How Razorpay achieved 11% efficiency enchancment and 21% value discount with Amazon EMR


This can be a visitor publish by Narendra Kumar, Head of Platform – Knowledge at Razorpay, in partnership with AWS.

On this publish, we discover how Razorpay, India’s main FinTech firm, reworked their information platform by migrating from a third-party resolution to Amazon EMR, unlocking improved efficiency and vital value financial savings. We’ll stroll via the architectural selections that guided this migration, the implementation technique, and the measurable advantages Razorpay achieved.

Based in 2014, Razorpay has turn into a powerhouse in complete cost options, enabling companies to simply accept, course of, and disburse funds on-line. With choices like RazorpayX for enterprise banking and Razorpay Capital for lending options, the corporate has skilled explosive progress, now serving tens of millions of companies. This fast growth introduced vital information challenges. When Razorpay’s information platform started straining below the load of greater than 1PB every day processing calls for, the engineering group confronted a important resolution: proceed scaling their current third-party resolution or modernize with a platform providing larger flexibility and management. They selected Amazon EMR to construct a complete information structure spanning batch warehousing, real-time stream processing, and interactive analytics – all operating on Apache Spark with open-source Delta Lake for ACID transactions. This wasn’t merely an ETL migration; it was an entire platform transformation that gave Razorpay’s 800 every day customers entry to greater than 60 concurrent streaming pipelines, greater than 3,000 orchestrated workflows, and the power to question 6PB of information every day.
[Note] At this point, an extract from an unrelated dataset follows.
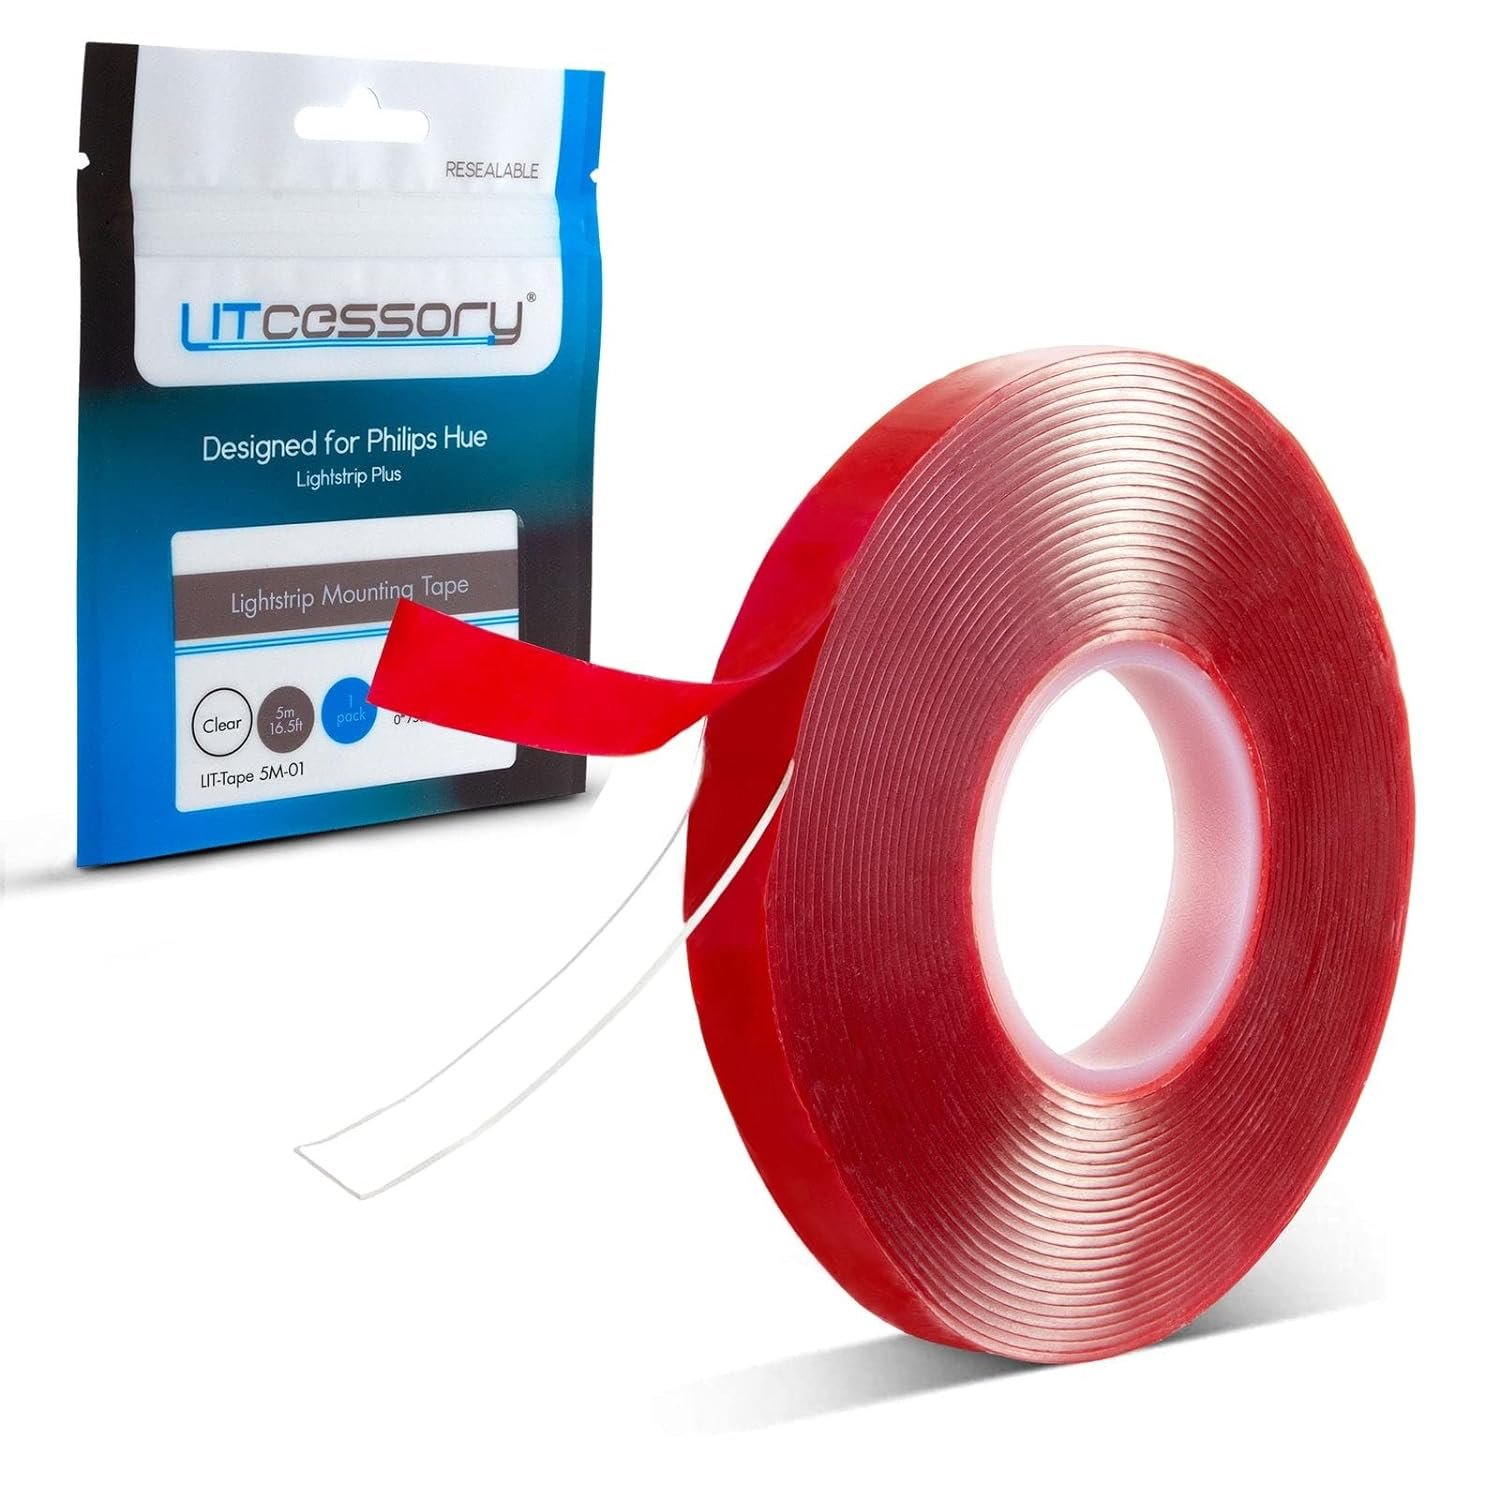 Litcessory Lightstrip Mounting Tape (16ft) for Philips Hue
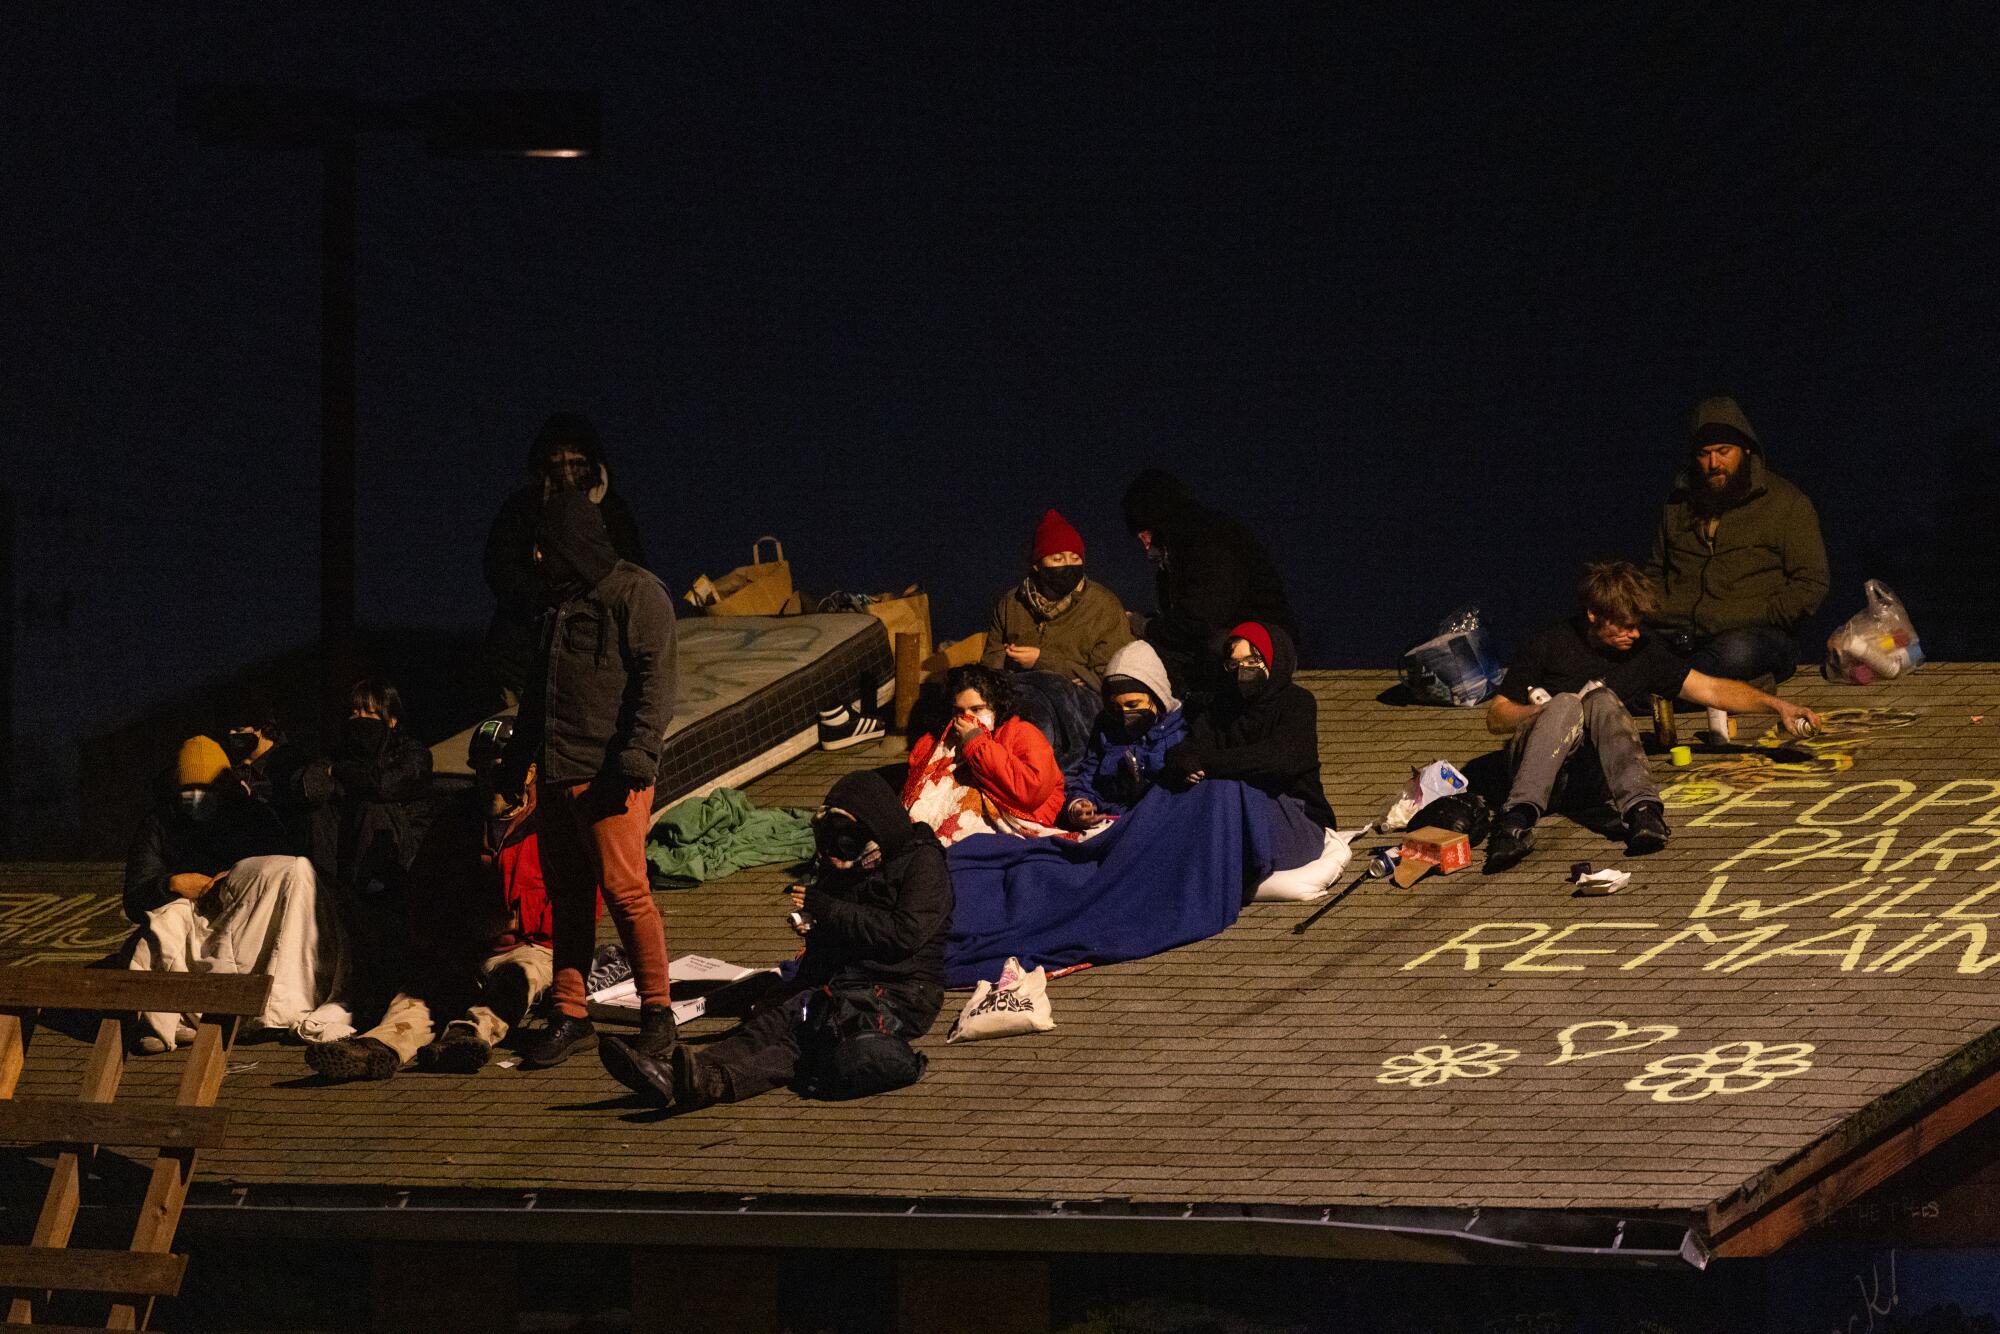 Some protesters retreated to the roof of a building in the park before later agreeing to come down.

The outcomes validated their architectural selections: 11% higher general efficiency, 21% value discount, and the operational flexibility to optimize Spark useful resource allocation, leverage EC2 Spot situations, and implement superior options like liquid clustering – all with out vendor lock-in.

Attaining information insights cost-effectively with AWS

The information structure has a knowledge ingestion layer, information processing layer, and information consumption layer. Razorpay ingests greater than 20 TB of latest information each day, processes greater than 1 PB of every day information utilizing greater than 60 information stream processing pipelines. This information is then consumed by querying greater than 6 PB of every day information via greater than 3,000 scheduled workflows.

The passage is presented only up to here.